This is a great way to take advantage of fresh summer corn, which has about 10 grams of carbohydrates per 100 g, about the same carbohydrate density as a bell pepper. I love fresh corn, and came up with this recipe while perusing the aisles at the Star Bazaar in Mumbai. I already had some seared chicken in the fridge, so all I had to was pick some good vegetables to go with the corn, and I had 3 meals to enjoy throughout my heavier leg day.
1. In a bowl, mix together about 2 T quality olive oil, (cold pressed), and the juice of 1 or 2 limes. Season to taste, and let sit while you prepare everything else.
2. Slice a small purple onion in half, from the root to the bulb. Next, slice it vertically with the grain into narrow slivers, and then cross-wise to get a small dice without releasing too much of the tearing sulfides.
3. Cut your cucumber into manageable sections, about 2.5 inches long, or two knuckles. Cut each section length-wise into “planks”, and then cut the planks into a small dice.
4. Halve your cherry tomatoes. I prefer to halve them as it exposes more of the juice which mixes with the lime and oil, giving the dressing more flavor. Tomatoes are a very low density carb, as are cucumbers, so it’s entirely up to you how many you use, but I used 1 medium cucumber and about 3/4 c tomatoes.
5. Cut up half a small mango by slicing off the cheek, cross-hatching the face and then pushing the skin inside-out. Remove the cubes and continue to cut them a little smaller. You just want to add a bit of flavor but not a lot of fruit as these are a high-density carb. A tablespoon per meal will be fine!
6. Steam off the corn ahead of time, so it will be room temperature when you add it to the salad. I used about a cup, maybe 1.5 cups for the entire dish.
8. Add some tangy cheese like feta, about 2 tablespoons, to boost the flavor. I also tore up some tarragon, as it’s one of my favorite herbs, but cilantro or parsely would also be delicious. I added the chicken directly to the main salad and mixed everything together, adjusted the seasoning, and then distributed into 3 containers.

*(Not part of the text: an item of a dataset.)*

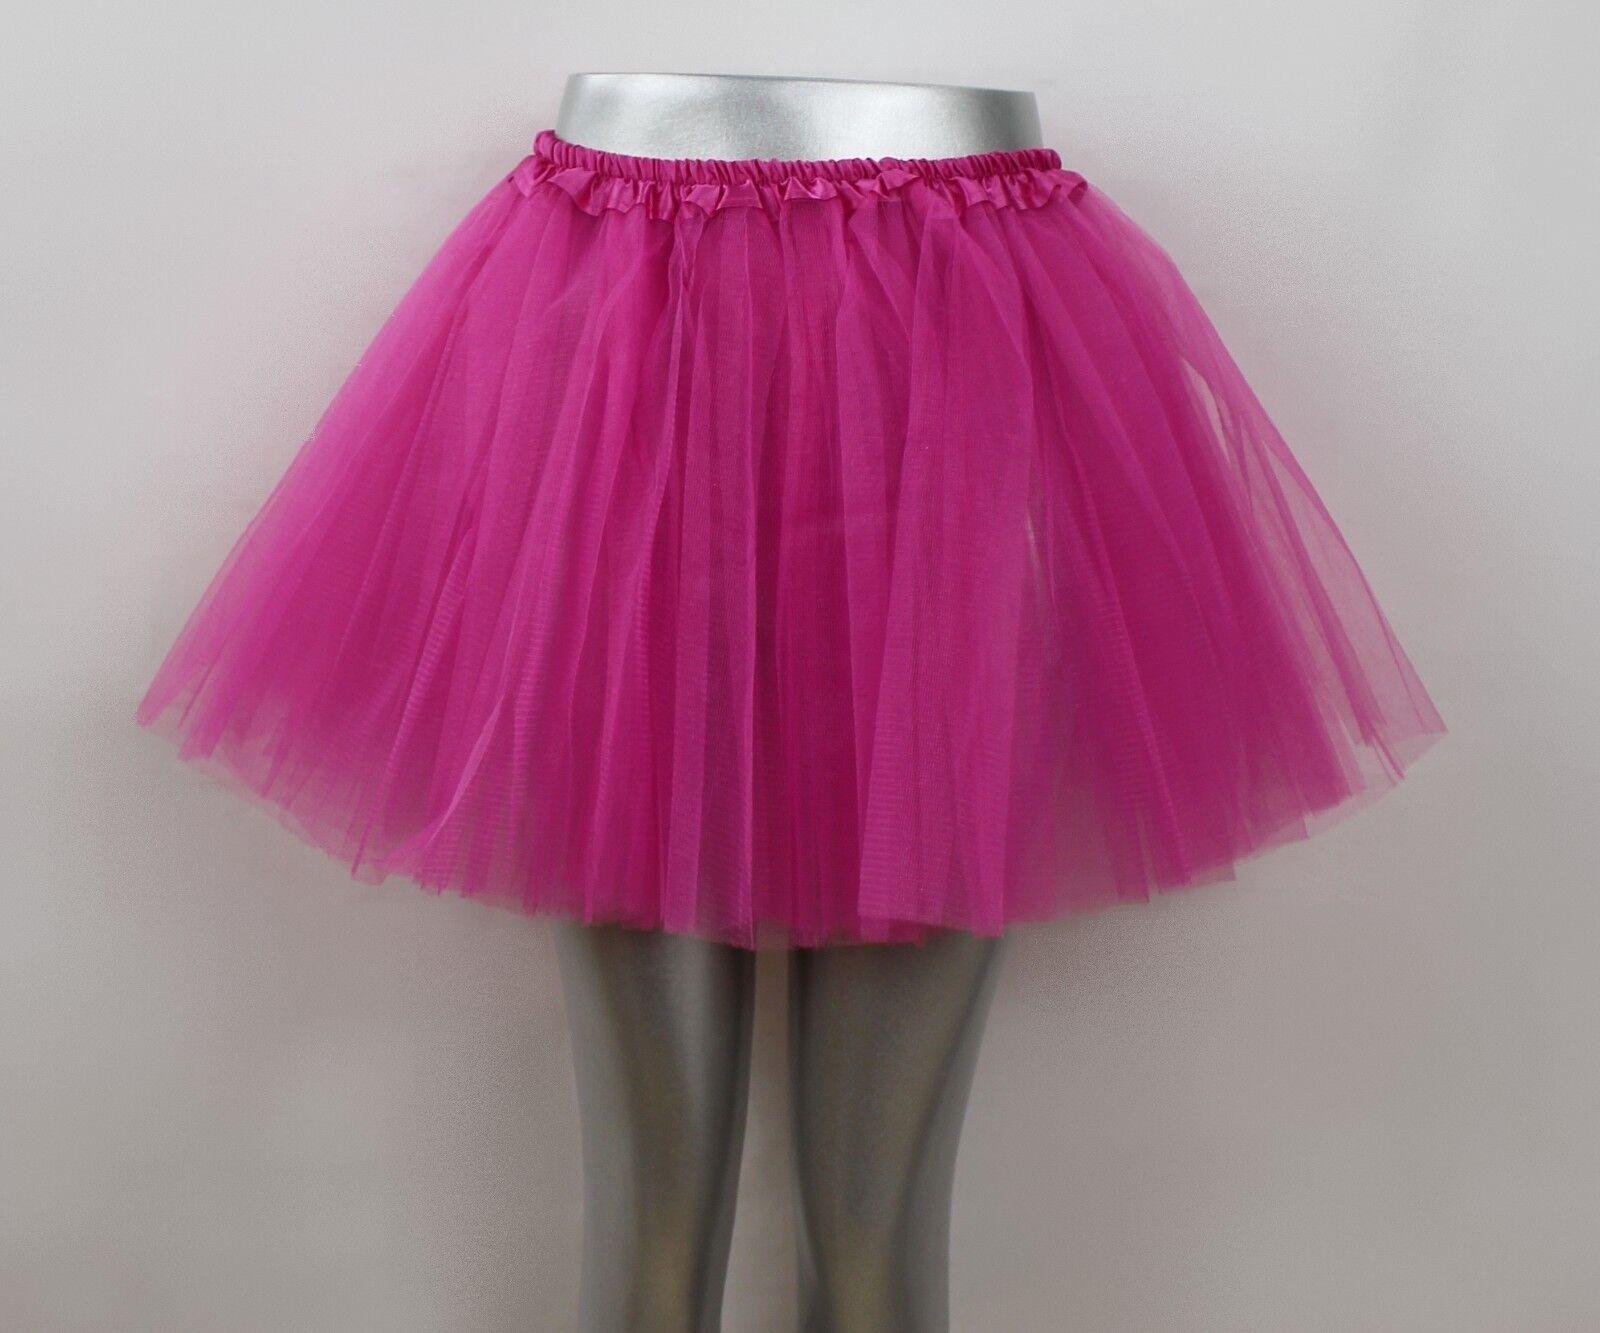 Medium - Pink

If you really feel you need to measure out your protein separately, (recommended if you’re a novice to body-building) then distribute the chicken separately and add the salad after).
Barbora says
this looks awesome Michelle, thanks for sharing I can’t wait to try it!

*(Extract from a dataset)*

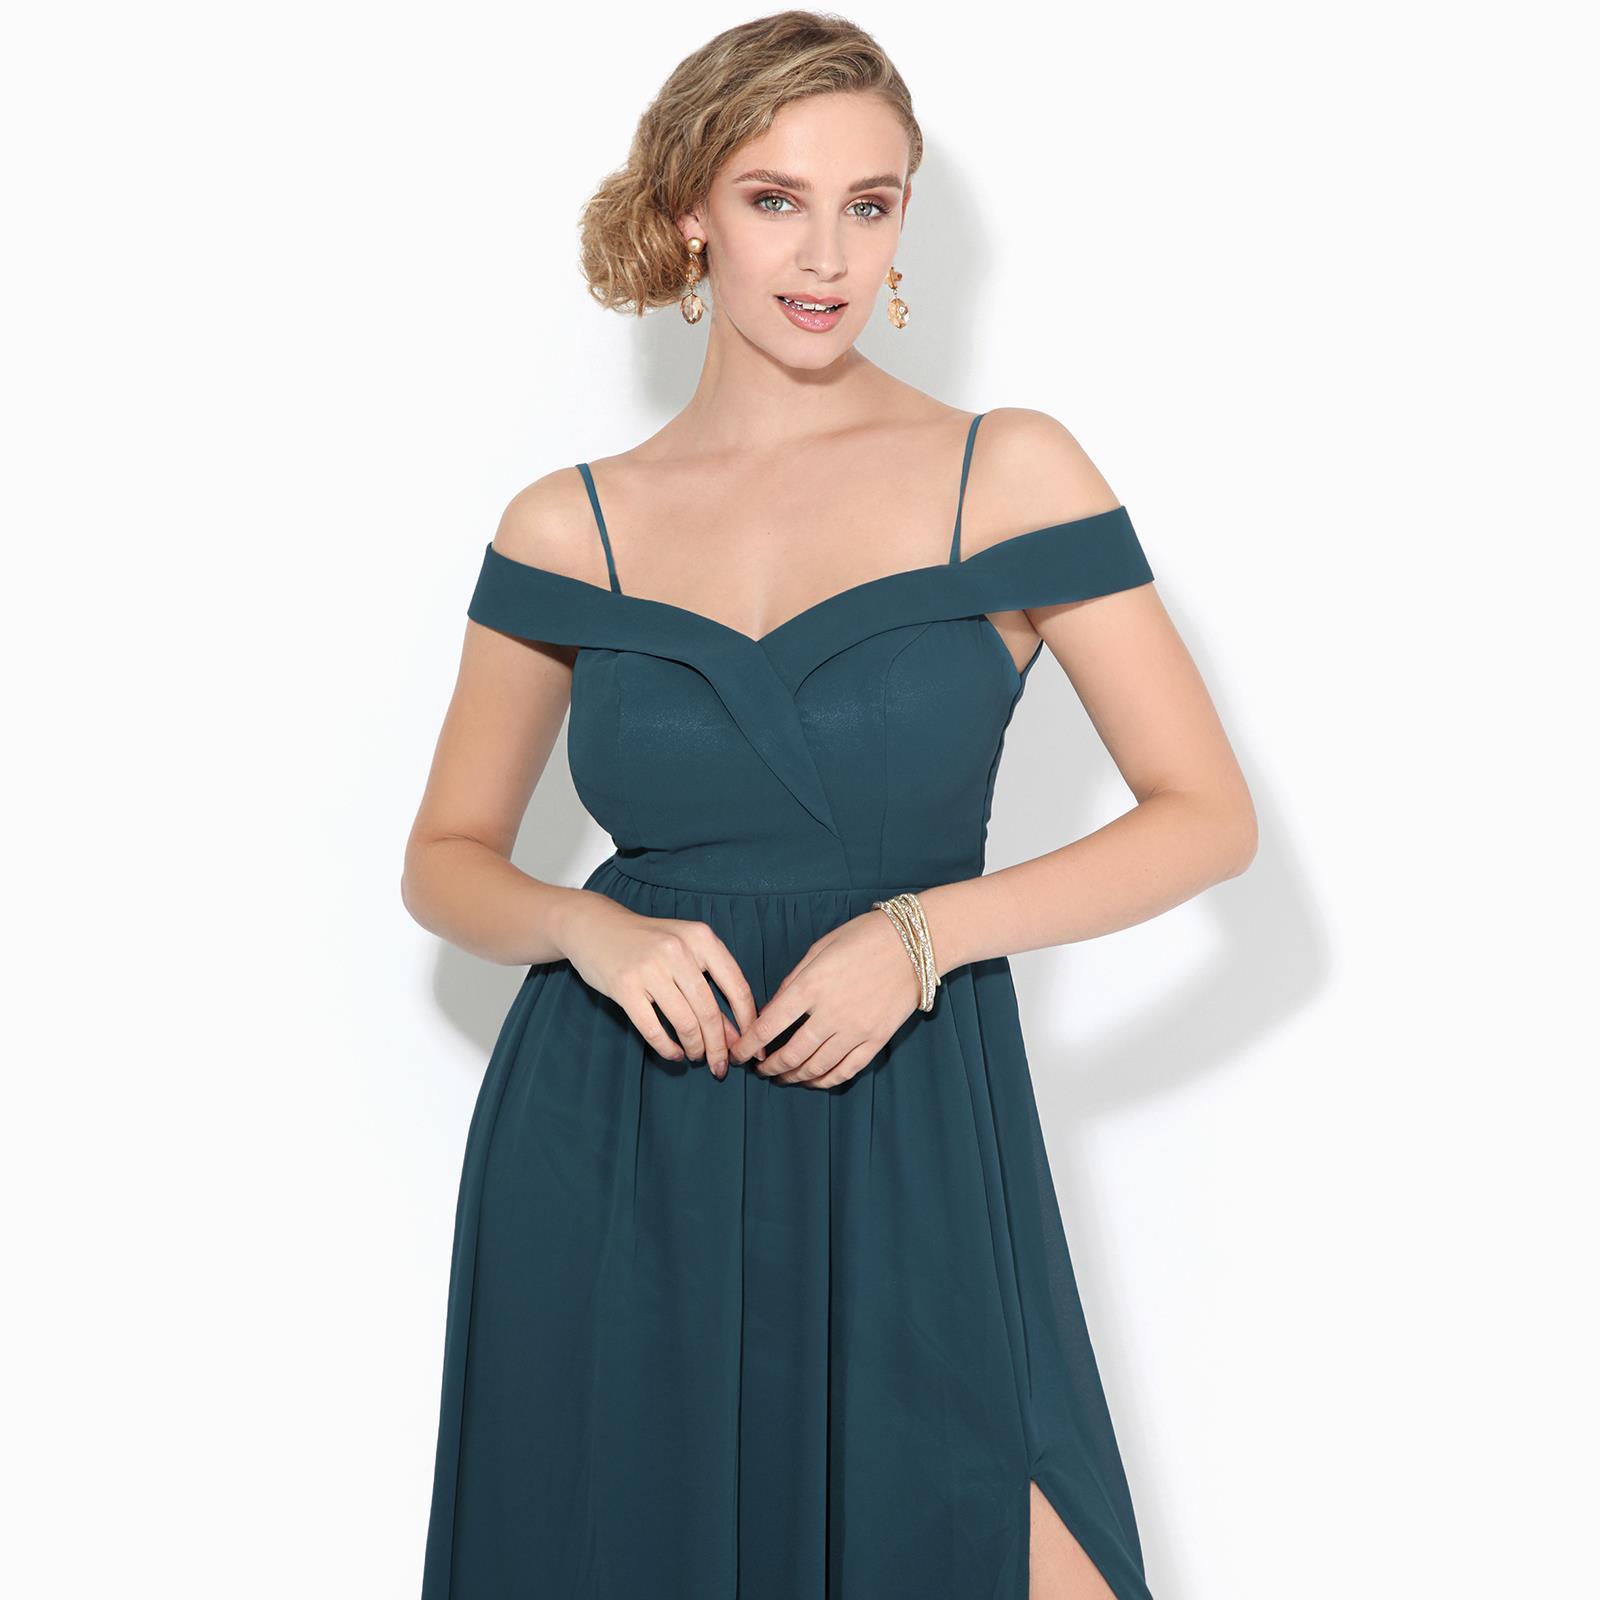 Womens-Ladies-Off-Shoulder-Formal-Maxi-Dress-Slit-Split-Long-Gown-Wedding-Party thumbnail 12

It reminds me a little of a salad I love in the summer, which is a combination of Mango, kiwi, black beans, cherry tomatoes, with minced raw garlic and torn basil. So yummy.
Keep up the blogging!
Barbora from Toronto
Prianna says
your recipe with mango & vegetables seems so tempting. Learning to keep a track of food options so much to choose from..
Michelle MacDonald says
Hi Barbora, that sounds like a really yummy mix. If you can get your hands on some large white beans like the Great North bean, I think that would also be a fabulous combination. Yum!